Bifurcation plots illustrating the evolutionary dynamics with decelerating, accelerating, and sigmoidal benefit functions. The solid lines indicate the location of interior singular strategies for different group size N. Arrows indicate the direction of gradual evolution of a monomorphic population. A) Decelerating benefits. There is a unique evolutionarily stable strategy which decreases with group size. When group sizes are greater than approximately 80, cooperation is entirely disfavored. (B(x) = α(β + de^κ–bx)⁻¹) − α(β + de^κ)⁻¹ with α = 2000, d = 1, β = 1, κ = 0, and b = 0.8) B) Accelerating benefits. For small group sizes there is a unique evolutionarily stable strategy corresponding to full defection. As the group size increases, full cooperation also becomes an evolutionarily stable strategy. Any interior singular strategy is repelling and decreases with group size, but never reaches zero. (B(x) = bx^a with b = 0.1 and α = 3) C) Sigmoidal benefits. Up to two interior singular strategies are possible, one repelling and the other attracting. (B(x) = α(β + de^κ–bx)⁻¹ − α(β + de^κ)⁻¹ where α = 10000, d = 1, β = 2, κ = 7, and b = 0.3). Each convergent stable attractor could potentially be an evolutionary branching point. The cost function used is C(x) = cx with c = 5.

fig 3

Evolutionary branching and the emergence of two coexisting strategies of full defection and full cooperation in a setting with sigmoidal benefits and non-linear costs. A) Bifurcation plot illustrating the effects of group size on directional selection for the function used in the other diagrams in the figure. B) A pairwise invasibility plot (PIP) illustrating the monomorphic evolutionary dynamics. There are two singular strategies at approximately x = 0.2 and x = 0.4 of which only the latter is convergence stable. Monomorphic populations with trait values above the first singular strategy will evolve towards the second singular to the singular strategy where they undergo disruptive selection and subsequently evolutionary branching. C) Individual-based simulation demonstrating evolutionary branching at approximately x = 0.4, thus corroborating the predictions from the PIP. The inserted panel shows the evolutionary dynamics for populations which initially have trait values lower than the first singular strategy at approximately x = 0.2; here investment decreases to zero. D) Population dynamics of the resultant coexisting strategies of full defection (x = 0) and full cooperation (x = 1). If the fraction of cooperators is initially below approximately 18%, the cooperators will be eliminated altogether. Otherwise, the population dynamics will result in a stable coexistence with approximately 45% cooperators.
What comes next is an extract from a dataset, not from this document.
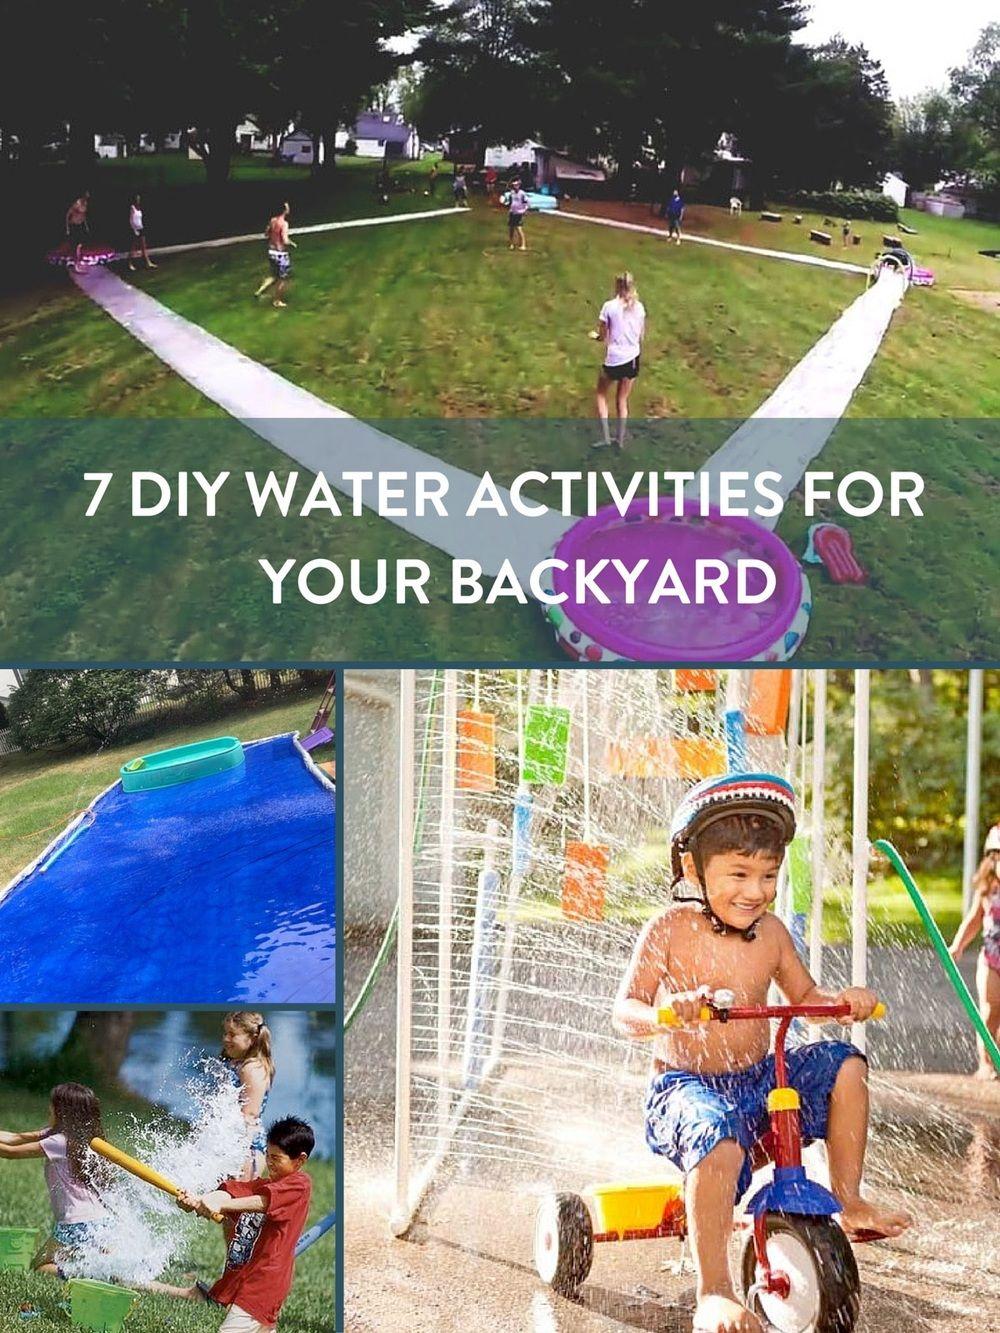 Roundup 7 Diy Water Activities For Your Backyard Backyard Activities Summer Water Activities Backyard Water Fun Backyard diy water park

The sigmoidal benefit function used is the same as in figure 1, B(x) = b(x³ + βx²)(x² + α)⁻¹, but with different parameters b = 200, β = 450, α = 180. The non-linear cost function used is C(x) = c₁x – c₂x² with c₁ = 170, c₂ = 50. The assumed group size in B-D is N = 30.

fig 4

Effect of assortment (positive relatedness) on the evolutionary dynamics of decelerating, accelerating, and sigmoidal benefit functions. The different curves on each plot correspond to different degrees of others-only relatedness (which are equal to the values of 〈ρ〉): r_o = 0, r_o = 0.01, and r_o = 0.5. Solid lines indicate attracting (convergence-stable) singular strategies, while dashed lines indicate singular strategies which are repelling (not convergence stable). Panels A, B, and C have use all the same benefit and cost functions as in figure 2.

fig 5

Joint evolution of the public goods production trait x and the group-size threshold s, above which the production is expressed. Benefits and costs are as in figure 2C. At each generation, a group is formed of size 5 or size 45 with equal probability. For very low quorum sensing thresholds, production is not affected by changes in group size and evolution inevitably brings the production down to zero. However, for an intermediate range of the quorum sensing threshold s, public goods production can be stably maintained. This is true even if the threshold and production is allowed to co-evolve, provided that initial state is a population with an intermediate quorum sensing threshold and a sufficiently high production. For other initial conditions, co-evolution will bring the production down to zero and increase the threshold to arbitrarily large values.